Although broker Troy Palmquist and DOORA Creative Director Janet Pozos know that brokers expect accountability and investment from their agents, the agents need the same thing from their leaders.
When it comes to attracting and keeping the best agents on your team or in your brokerage, there’s a fine line that leadership has to tread between providing value-added services and balancing the budget. Different companies use different strategies to ensure that each agent is investing time and money in building their real estate businesses and not just looking for a place to hang their license.
For some brokers, that means charging upfront when an agent joins the brokerage and charging a monthly fee thereafter in exchange for space, marketing materials, tech platforms and keeping the lights on.
For others, it may mean minimizing fees but requiring consistent proof of the agent’s expenditures on their own branding, marketing and lead gen. In that case, the broker may focus more on transaction-related fees and charges under the assumption that the agent will produce more if they’re working more.
Whichever way you go, the result of not paying brokerage fees or not participating in lead gen is usually finding another place to do business. I know some brokers who are very strict on this score, and agents who drop the ball are gone pretty quickly.
Although it’s necessary for agents to have skin in the game, as it were, there are times when you have to work with the agent to help them get up to speed. This can be true with brand-new agents or even with established agents who simply need some time to learn a new skill or deal with a personal issue.
Instead of cutting someone loose, here are 10 strategies that you can mix and match to design and implement an improvement plan so you can help an agent get better at the business of real estate, improve their performance and meet your requirements.
One caveat: Rather than just asking the agent to improve and presenting some suggestions, it’s essential that you set up a systematic mentoring or improvement plan in writing for the agent to commit to. This is a case of “no such thing as overcommunicating.” They should know exactly what you expect moving forward and what the consequences will be for failure to participate.
1. Implement an in-house mentoring program for the next four transactions
This is especially helpful for new agents or for agents moving from part-time to full-time work. Create an incentive program for your high-producing agents by sharing a portion of the commission when they act as a mentor and assist with generating and nurturing leads, contract prep or evaluation, and transaction management on either a sale or purchase.
2. Require attendance at agent meetings
Assuming you have weekly or monthly meetings with all of your agents, you should have a reasonable expectation that every agent will attend the vast majority of these. If an agent is participating in a required performance improvement or mentoring program, attendance should be mandatory.
3. Require participation in a mastermind or coaching program
Whether you have a coaching program in mind or reserve the right to approve the coach they choose, this is a great way for an underperforming agent to better understand what it takes to build their business. You may also identify a specialty coach, like a media coach or accountability coach, if that’s what they need instead.

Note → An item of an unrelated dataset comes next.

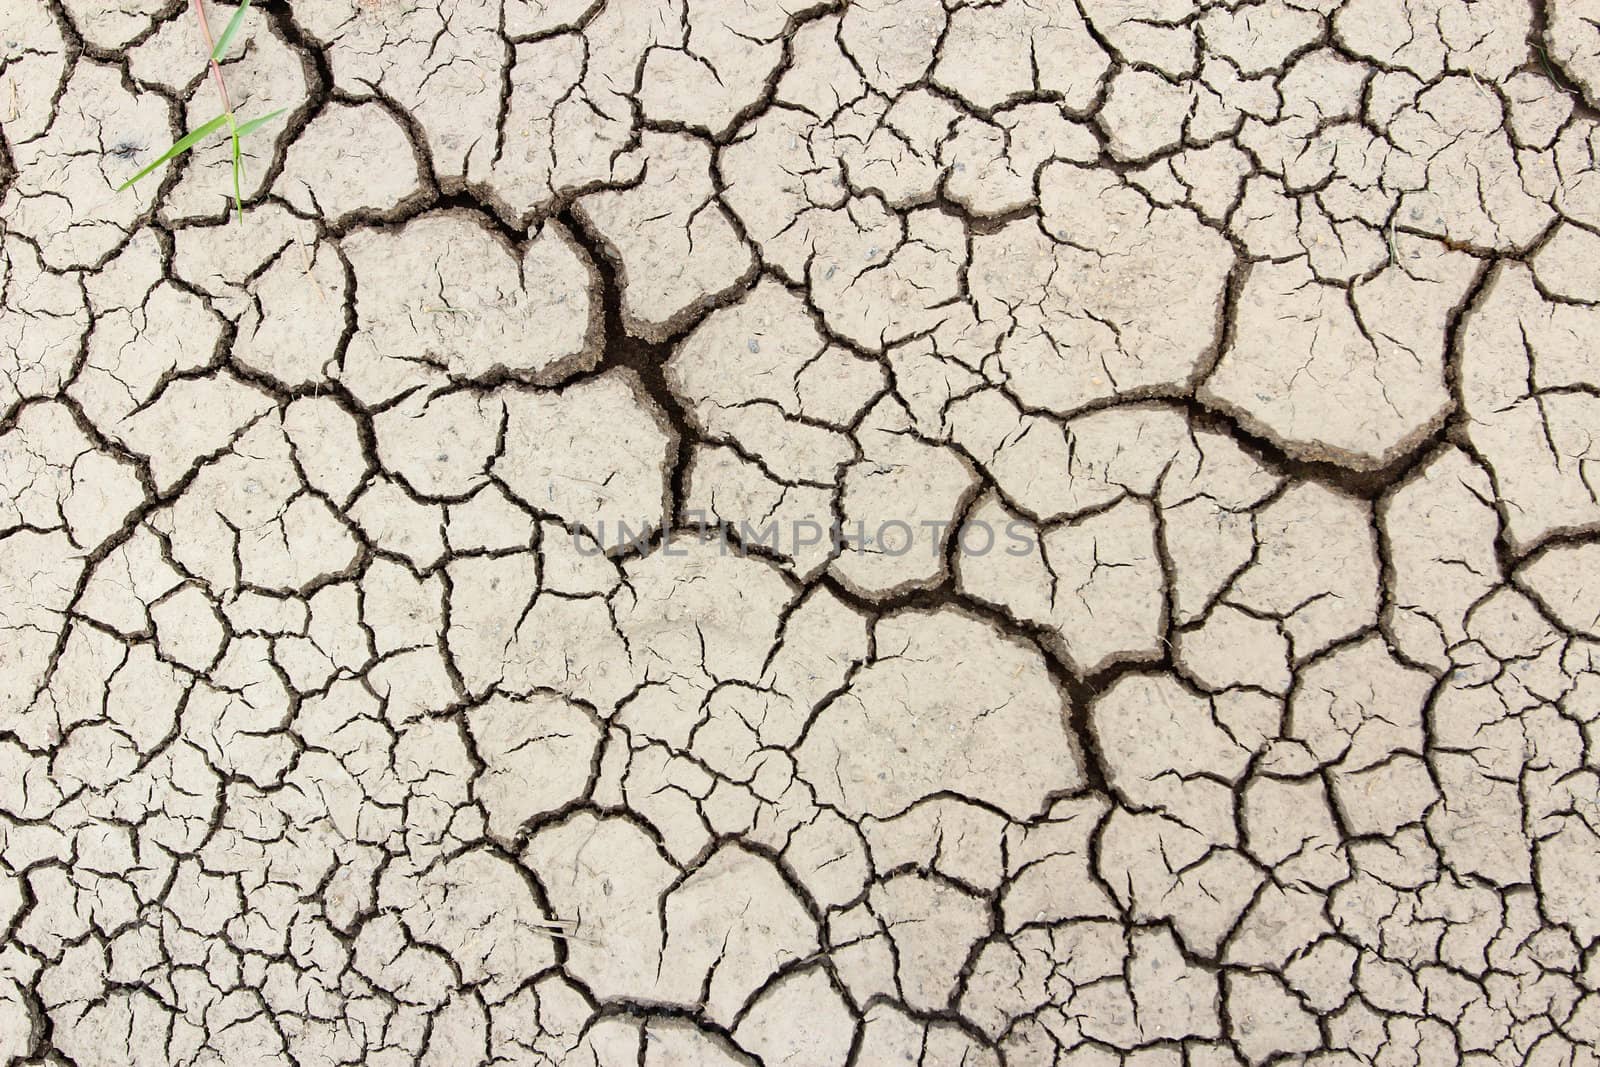 Crack soil on dry season, Global worming effect. by bajita111122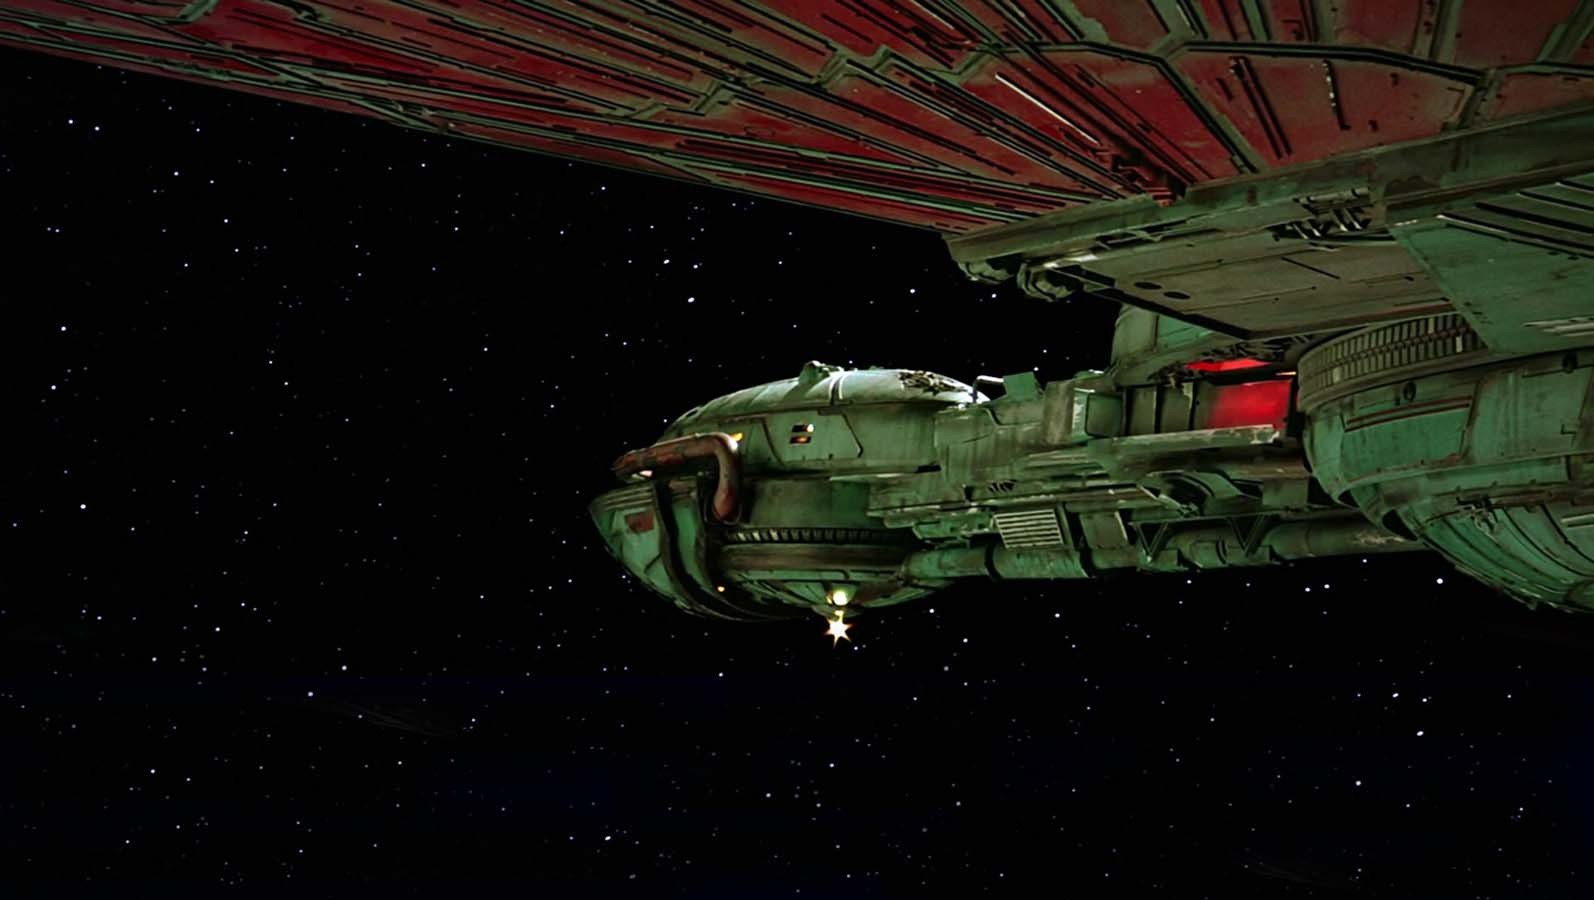 Science fiction star trek klingon bird of prey wallpapers hd desktop and mobile backgrounds

4. Require additional training or education
There are plenty of training options available both in person and online at all types of price points. Help the agent identify a new niche, certification or designation, or other professional skill that they’d like to develop in order to improve their business.
5. Require participation in in-house lead gen events
Whether you host community events or hold cold-calling hours in-house, this gives your underperforming agents the chance to both get their hours in and network with other agents in your office. They may figure out some of the things they’re missing by modeling the behavior they learn in an event like this.
6. Require participation in script practice
Similarly, holding script practice and role-playing opportunities for your agents, then requiring agents to attend, is a learning opportunity for both you and the agent. They’ll figure out what’s missing from their presentation, and you’ll find out where they need to improve as well.
7. Require participation in content development
Audit the agent’s social media accounts, website, bio and recent listings to see where they need to improve their content. If they need to update their platforms, post more frequently or otherwise develop a better content strategy, help them do so or direct them to the appropriate copywriting and web development help.
8. Require participation in weekly mentor meetings
You or a member of your leadership team should be meeting consistently with the agent to ensure that they’re on track and implementing the fixes you’ve identified. Again, this is something you and they should commit to and time block for.
9. Require attendance at networking or professional development events
Whether they attend chamber of commerce meetings, an annual industry conference, or meetings at the local or state association, the agent should be hearing new ideas and learning new things. Follow up with them afterward to discuss action items they’ve identified from the event that they want to implement in their business.
10. Assist in goal-setting, time management and lead gen activities
As you move through the process, you’ll figure out what the missing piece is for the agent. Maybe they’re struggling to balance work and home life. Maybe they just don’t know what to expect day to day, or they’re not sure where they want to go long term. Maybe they’ve got contract skills but struggle to find clients in the first place. This step will, in many ways, inform and underpin all of the other strategies above.
Sometimes, of course, what you’ll figure out as you move through the process is that the agent simply isn’t cut out for the rigors of running their own business or for the insecurity of income that’s tied, at least in part, to the ups and downs of the markets and economy. In that case, at least you can part ways with the knowledge that you both gave it your best try.
It takes time and money for you to find good agents. Don’t write them off simply because they’re not immediately performing at the level you’re looking for. Communicate with them and help them bring their performance up to the level you expect. You’ll both reap the benefits of your patience and commitment.